Carolyn Perroni, a spokesman for the Federal Emergency Management Agency, said $24,000 of a $30,000 FEMA grant allocated to Crossroads in the winter of 1983-1984 has “not been accounted for.” She said the grant came under a FEMA program to supplement existing federal “food and shelter to the needy and homeless . . . people who had been hurt by the recession.”

Perroni said FEMA was conducting an audit of Crossroads’ financial records and added that its investigation had to be temporarily suspended last week when FEMA auditors learned of the FBI probe. “Our local board in Los Angeles was notified that some of the records we needed had been impounded because of the FBI investigation,” Perroni said.

The city’s director of the Community Development Department, Douglas S. Ford, confirmed that his agency is also investigating Crossroads but would not discuss the matter further. “I can’t comment on the scope of the investigation other than to say that we’re investigating our past contract relationship with Crossroads,” he said.
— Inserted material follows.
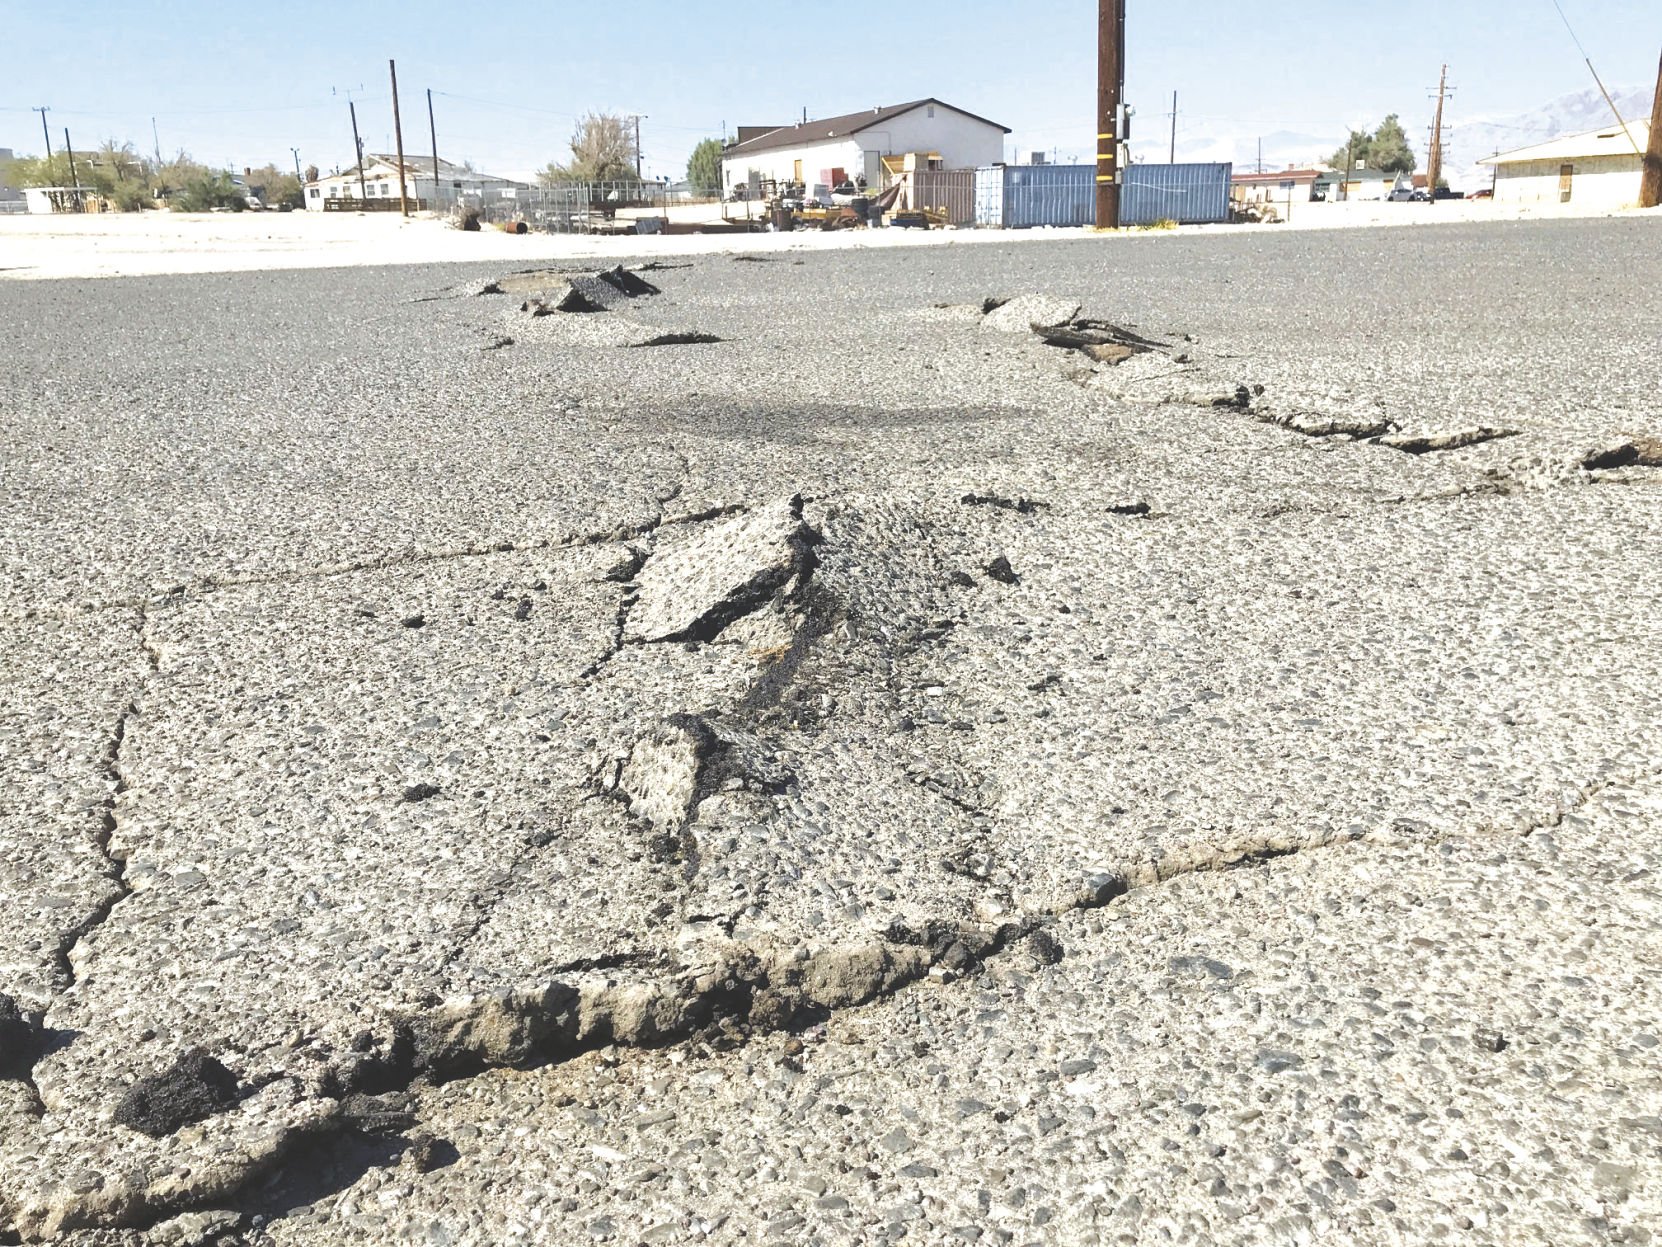 recent california earthquakes
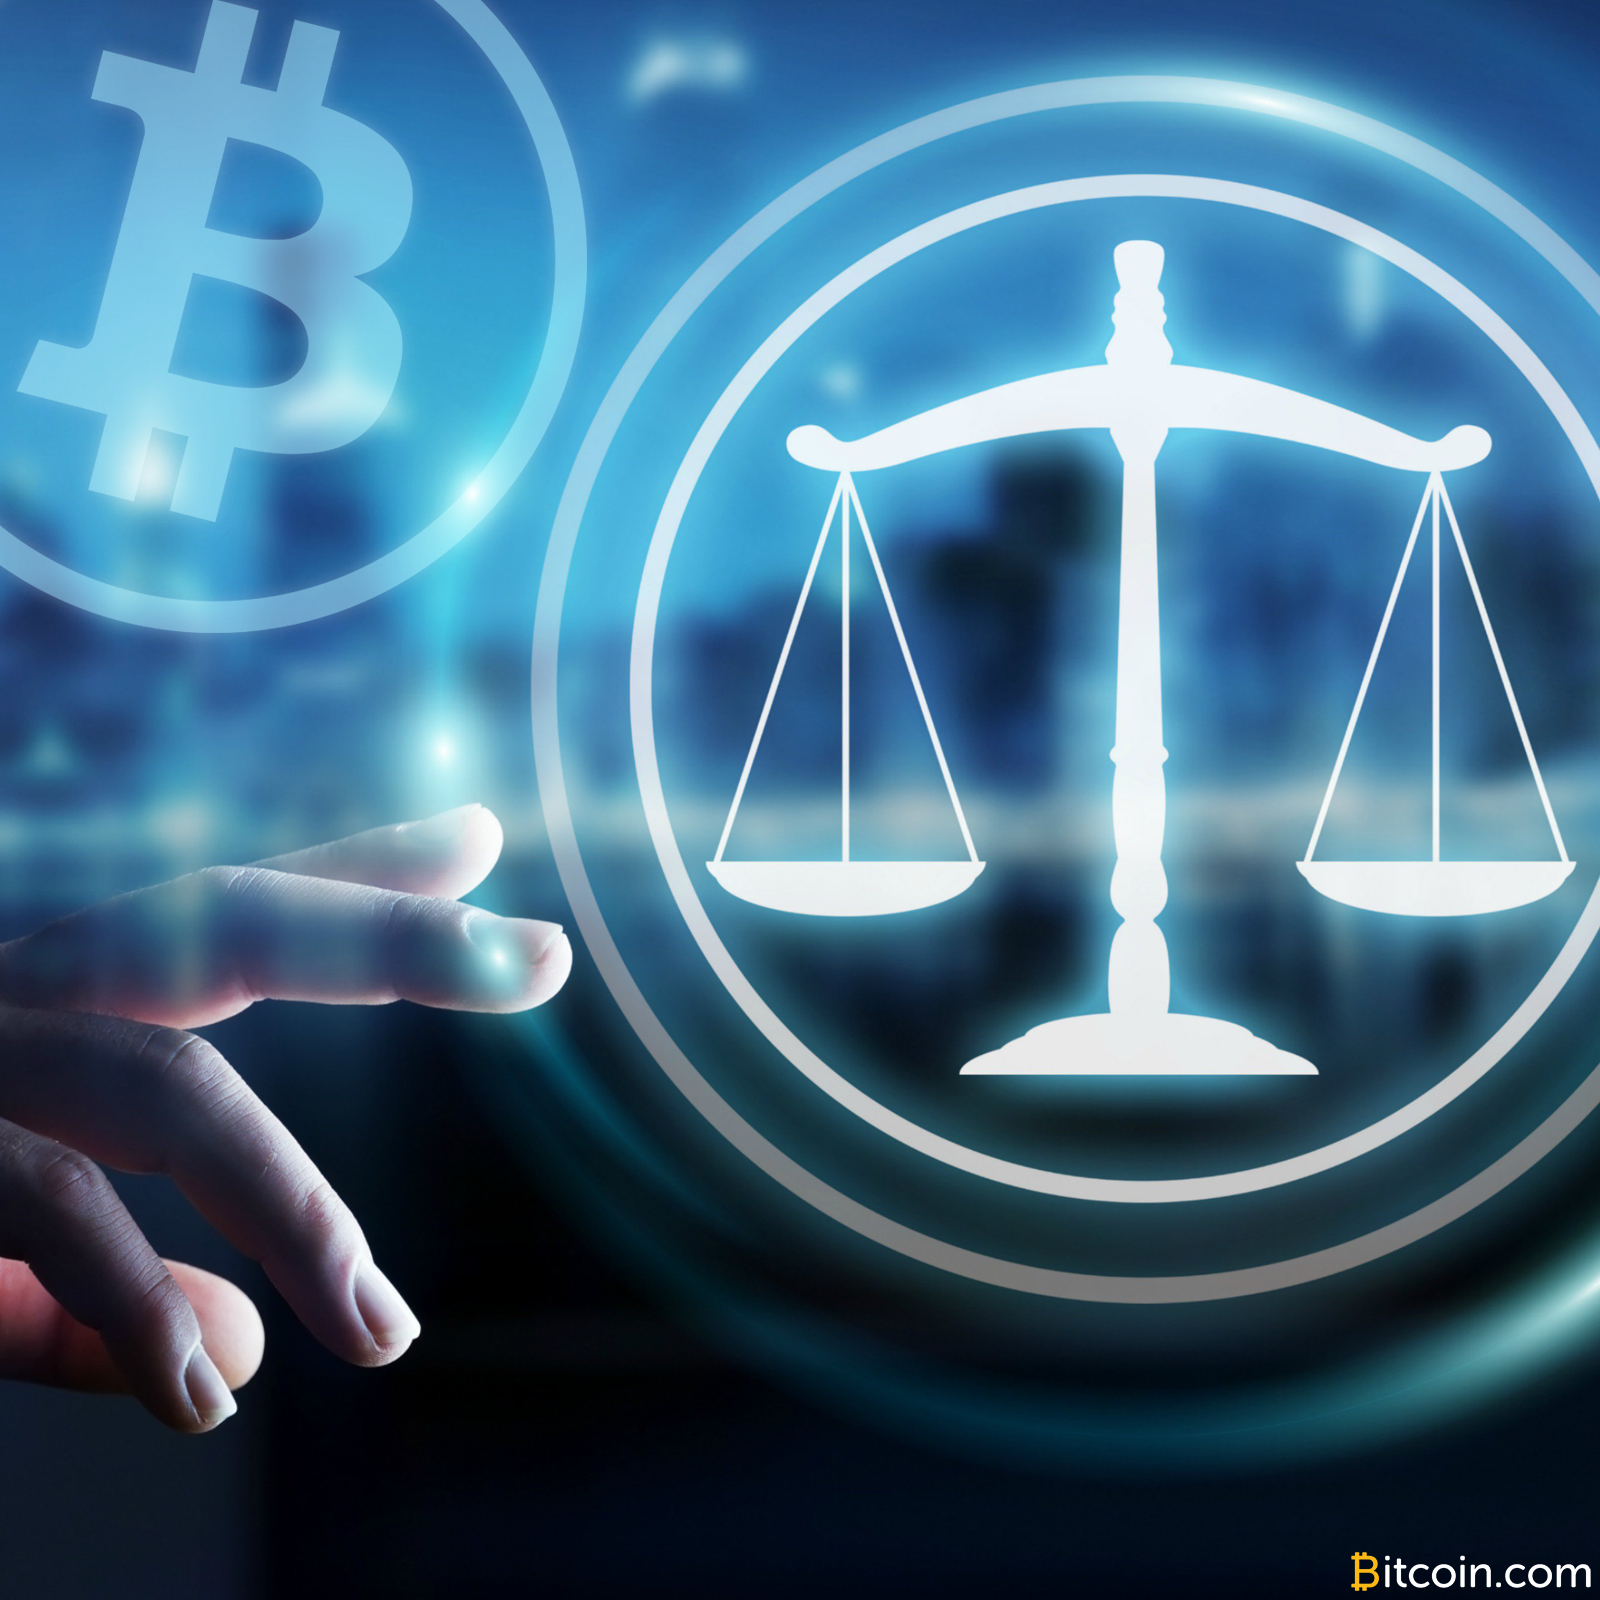 New Hampshire's Bill to Deregulate Bitcoin Effective Next Week

Ford did say that Crossroads had received $108,000 in federal Housing and Urban Development block grant funds in 1983 and 1984. Ford said funding was discontinued to the agency last year “simply because it didn’t survive our competitive scoring evaluation and the contract expired.”

Crossroads opened in 1981 primarily to work with Hollywood’s poor--particularly homosexuals looking for jobs or shelter, according to gay activist Morris Kight, who helped found the agency. Kight, who resigned from his position on the agency’s board in 1983 when Terrigno became Crossroads’ director, said that in recent weeks he also has been questioned by FBI agents and city investigators.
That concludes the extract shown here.